Hiring great AI engineers is one of the hardest problems in tech. Not because there’s a shortage of people with relevant skills—though that’s part of it—but because most hiring processes don’t filter for what actually matters. Instead, they optimize for people who look good on paper.

Over the years, I’ve noticed that the engineers who truly move the needle share four traits. Surprisingly, these traits are often absent from standard hiring checklists. If you want to build a team that creates real impact, you need to look beyond résumés and interviews and focus on these characteristics.

1. Deep Expertise

The first and most obvious trait is mastery of a core skill.

Great AI engineers have deep expertise in either data/AI or software engineering. Those from the data side might have backgrounds as data scientists, machine learning engineers, or DevOps professionals. Those from the software side often come from full-stack or traditional engineering roles.

What matters is that they’ve mastered at least one of these foundational domains. Without this, they lack the depth to tackle the complex challenges that come with building AI systems.

2. Practitioners at Heart

The best engineers are always building.

Even when they’re off the clock, they’re working on side projects, contributing to open source, or hacking together solutions to problems they encountered last week. It’s not about the specific projects; it’s about the habit of creation.

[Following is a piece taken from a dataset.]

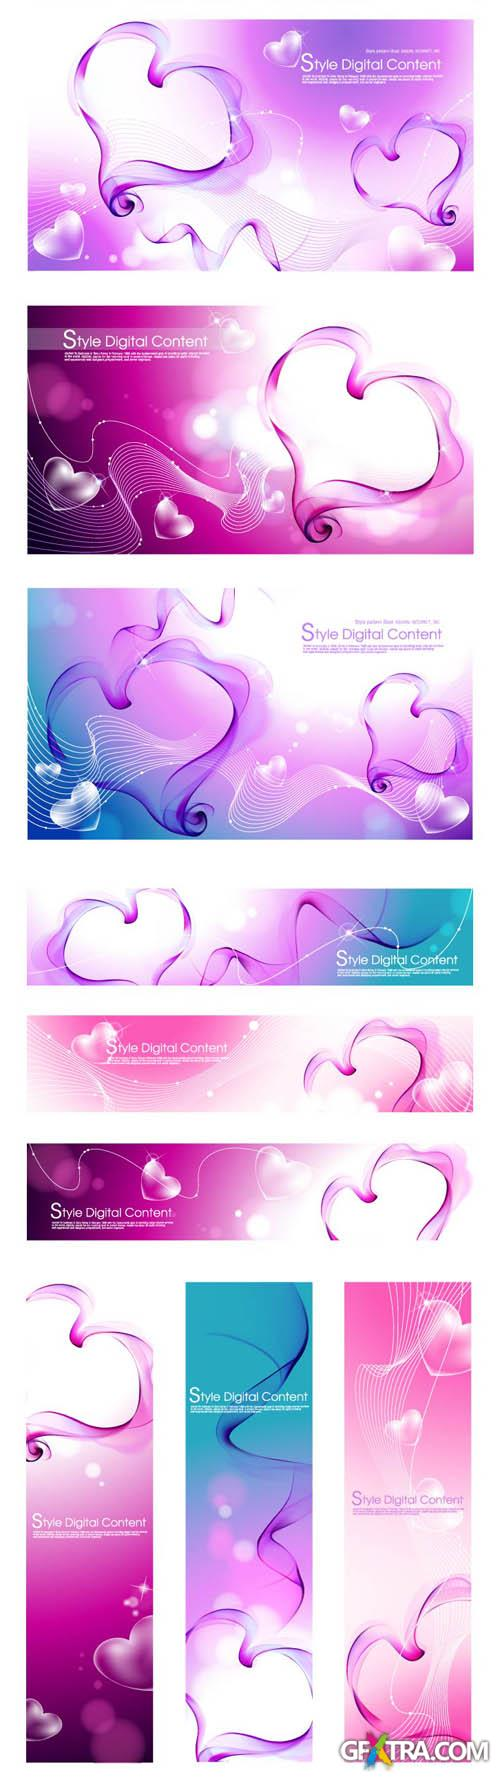 Romantic Vector Digital Backgrounds

This relentless curiosity does more than keep them sharp. It accelerates their learning and helps them recognize patterns and problems faster. It also makes them invaluable team members.

In fact, I think most companies get this wrong. Many don’t even ask about side projects, and some actively discourage them. That’s a mistake.

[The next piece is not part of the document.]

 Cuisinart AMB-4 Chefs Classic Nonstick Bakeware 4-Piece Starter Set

At Palindrom, we do the opposite. We encourage side projects and create an open culture where people can share what they’re working on and the lessons they’ve learned. This kind of environment not only keeps engineers engaged but also raises the learning rate for the entire team.

3. Product Thinking

This trait separates good engineers from great ones: product thinking.

The best AI engineers care deeply about the customer and the problem they’re solving. They know it’s not just about building something that works—it’s about building something that matters.

Engineers with product thinking make different decisions. They consider the user experience, trade-offs, and long-term impact of their work. These small decisions compound over time, leading to significantly better outcomes.

Without this mindset, engineers often default to optimizing for technical performance at the expense of usability. But with it, they make every line of code count.

4. Momentum Creation

The rarest—and most valuable—trait is what I call momentum creation.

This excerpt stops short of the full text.